> Task brief:
Copy every entry exactly, but skip the pictures.

> Supplied material:
Segment Open
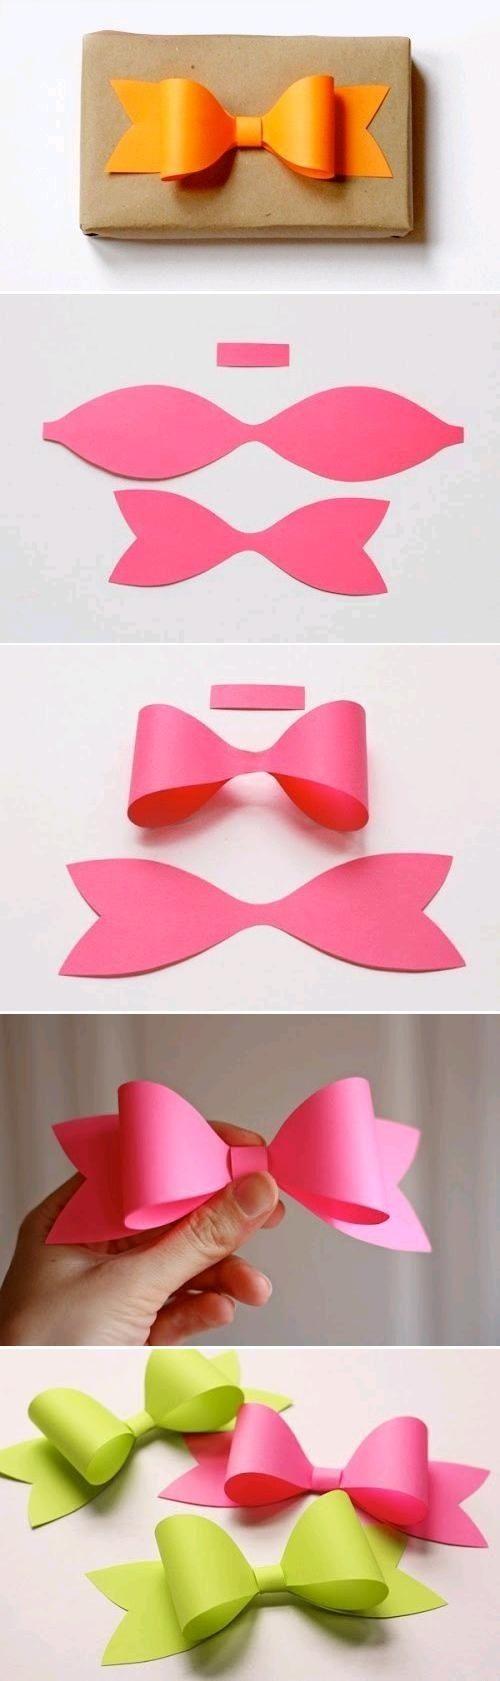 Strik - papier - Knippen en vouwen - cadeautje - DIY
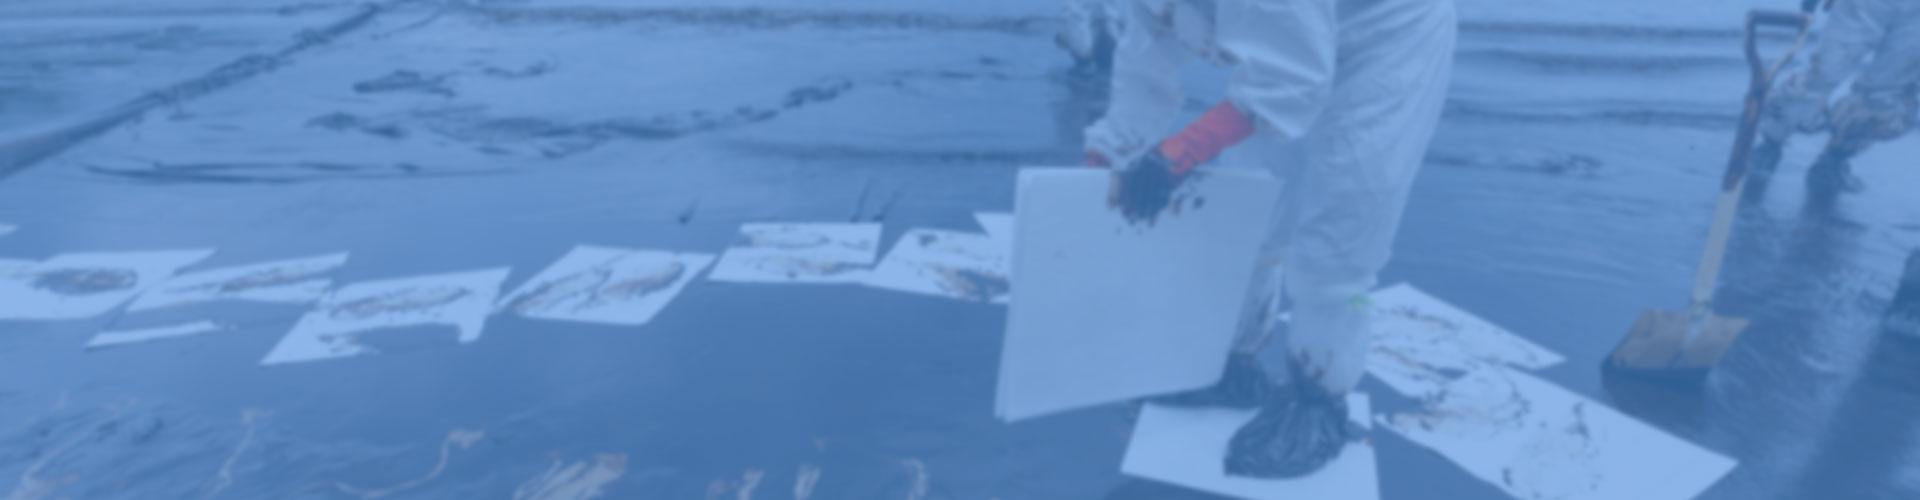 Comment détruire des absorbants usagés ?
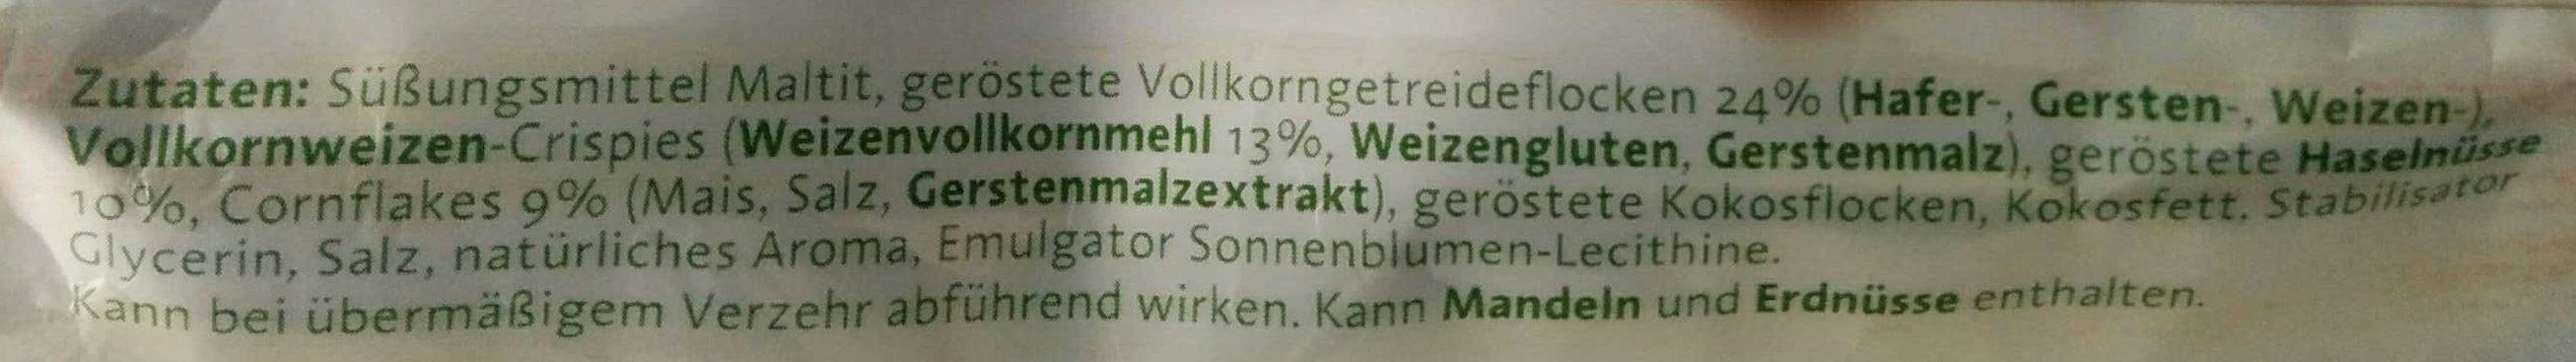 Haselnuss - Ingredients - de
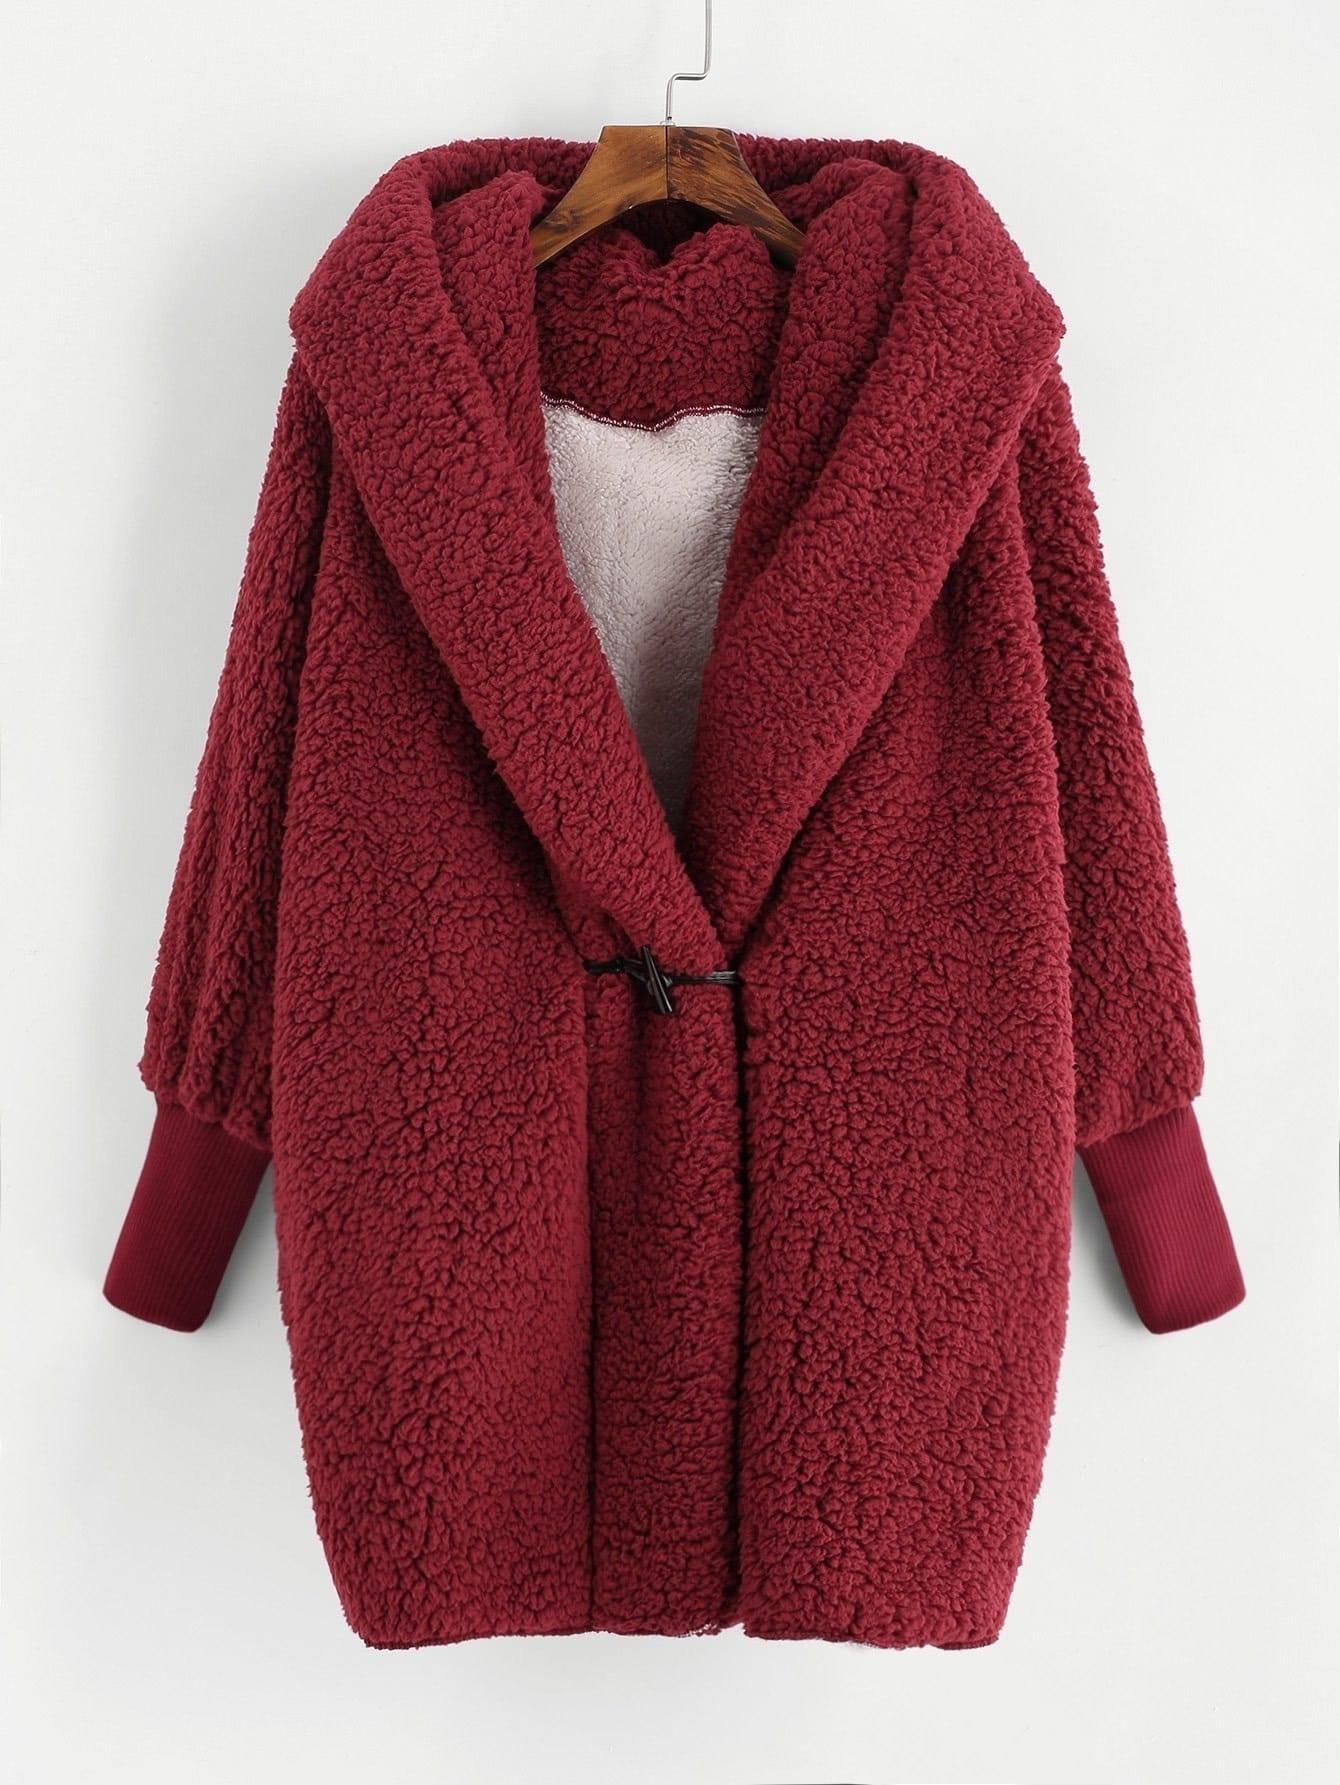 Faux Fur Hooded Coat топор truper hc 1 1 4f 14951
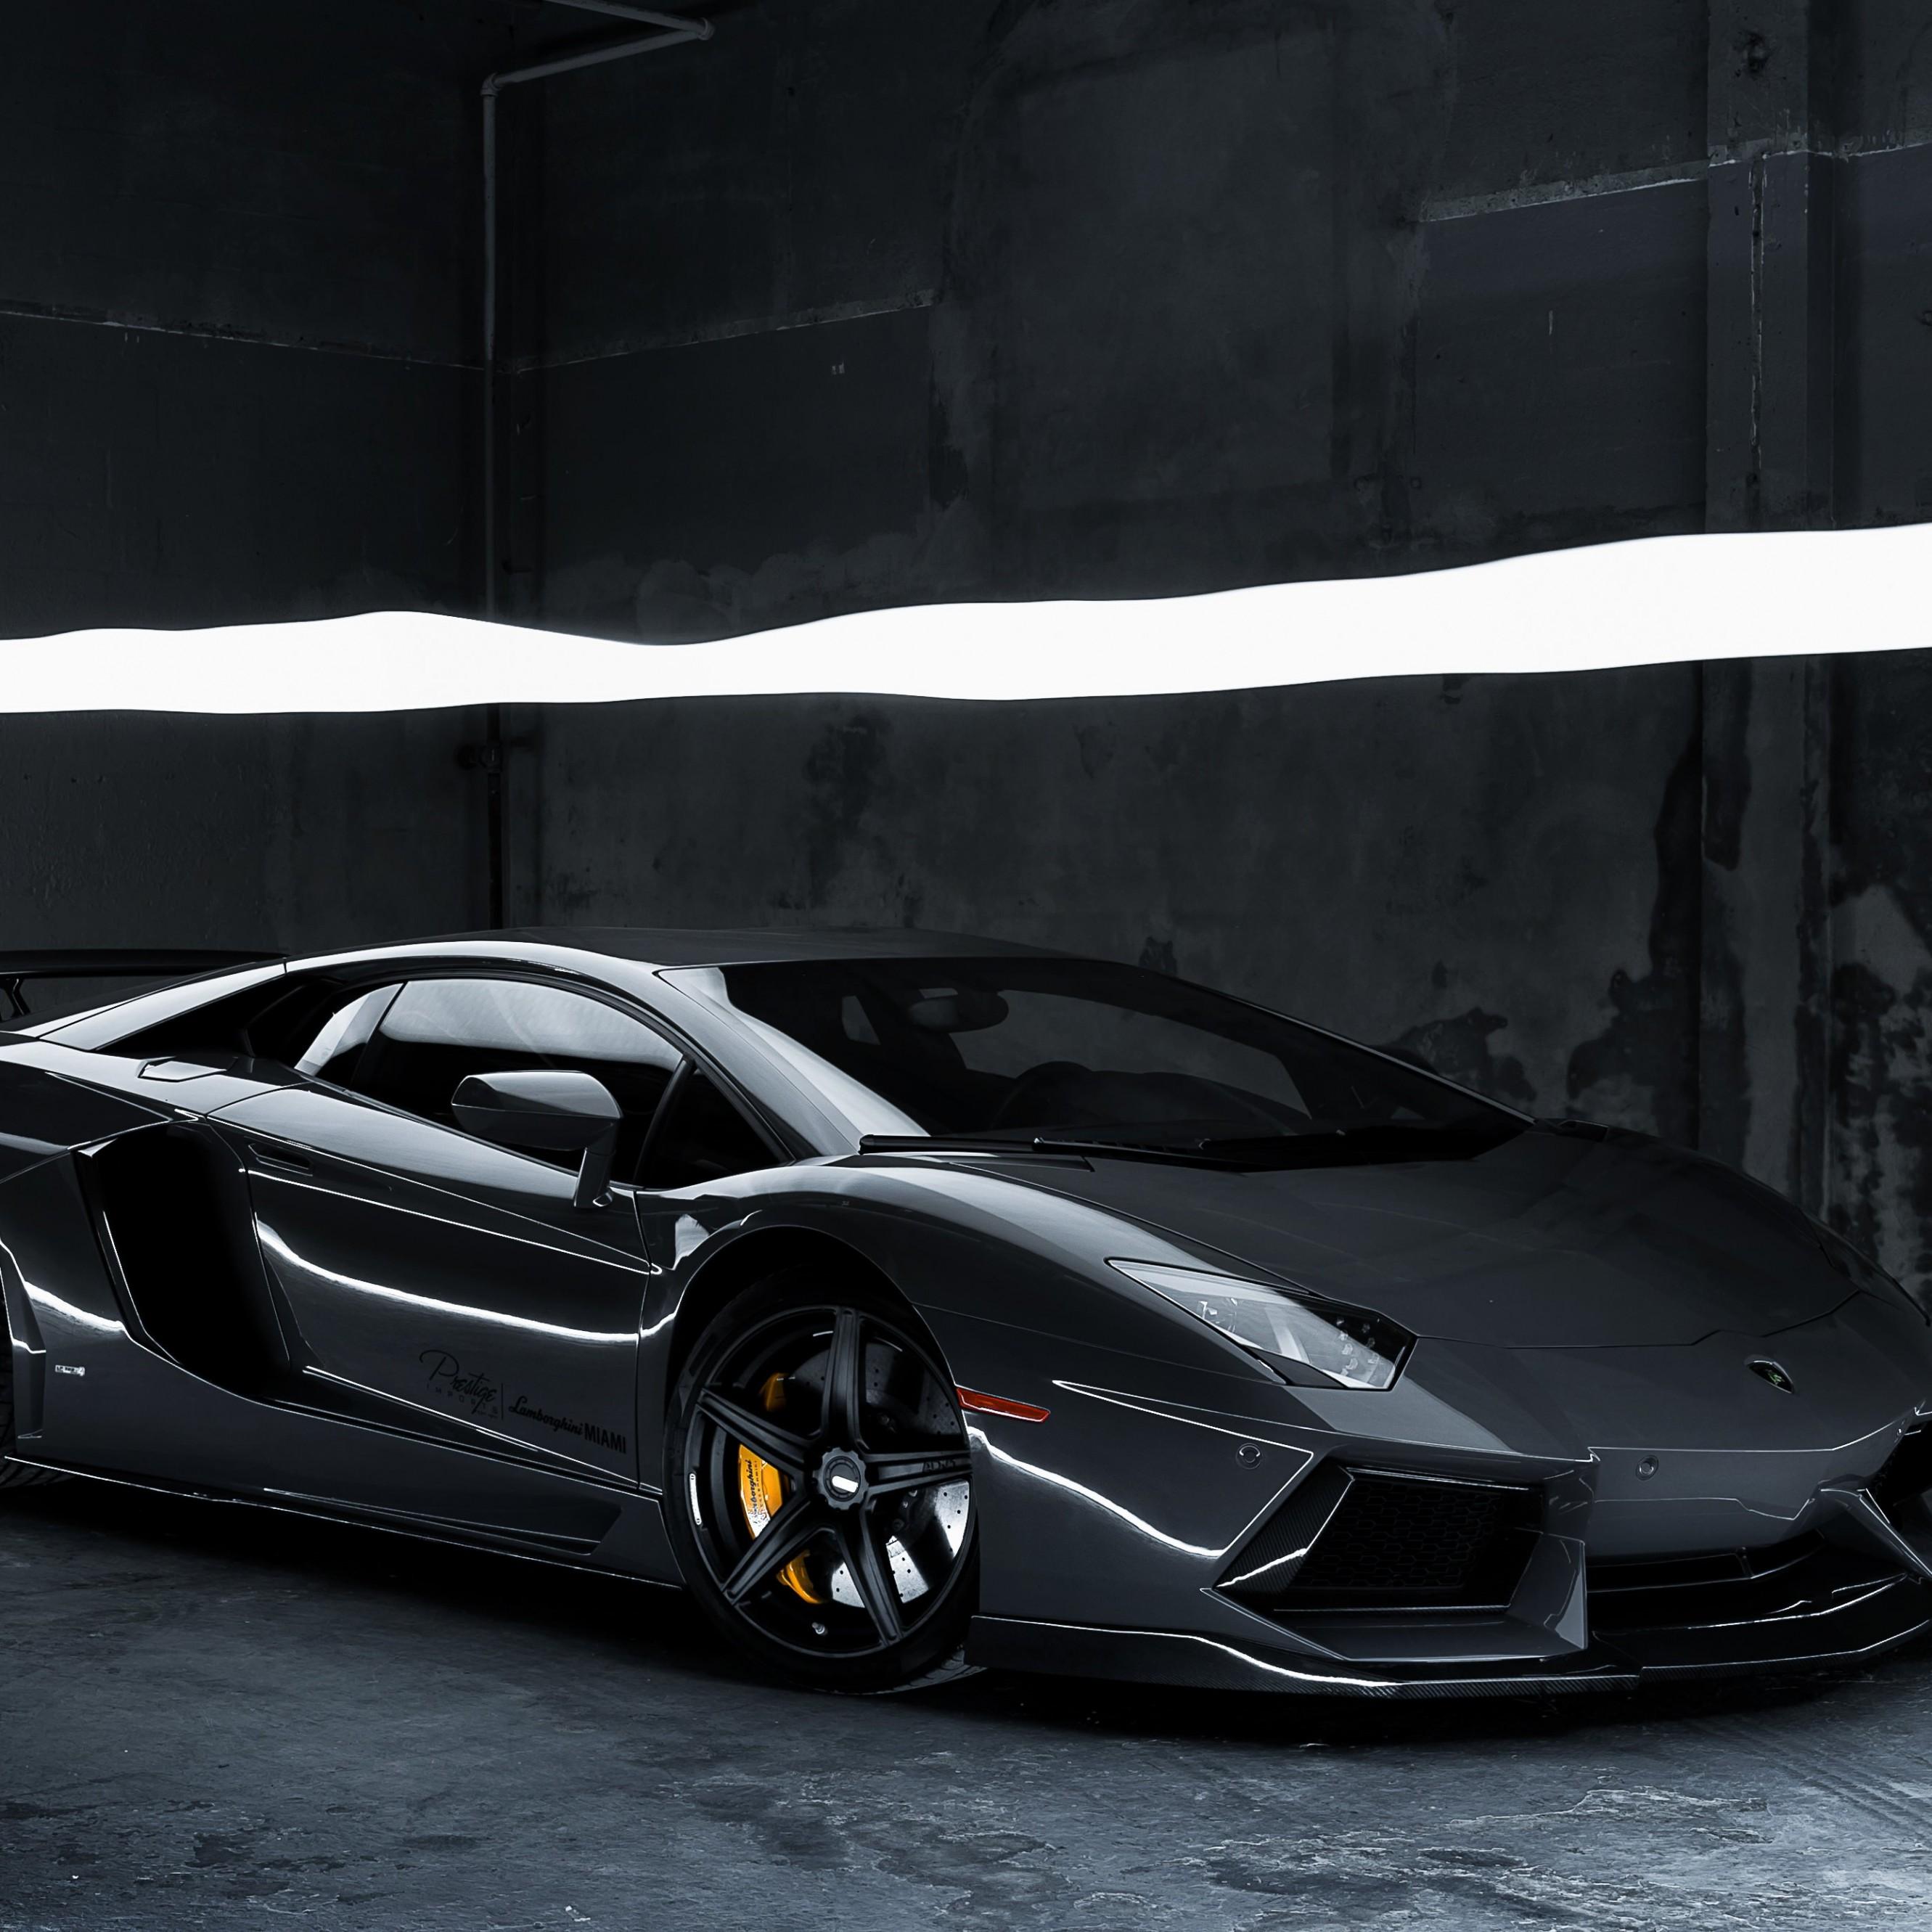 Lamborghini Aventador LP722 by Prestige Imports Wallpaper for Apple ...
Segment Closed
> Exercise output:
 Strik - papier - Knippen en vouwen - cadeautje - DIY
 Comment détruire des absorbants usagés ?
 Haselnuss - Ingredients - de
 Faux Fur Hooded Coat топор truper hc 1 1 4f 14951
 Lamborghini Aventador LP722 by Prestige Imports Wallpaper for Apple ...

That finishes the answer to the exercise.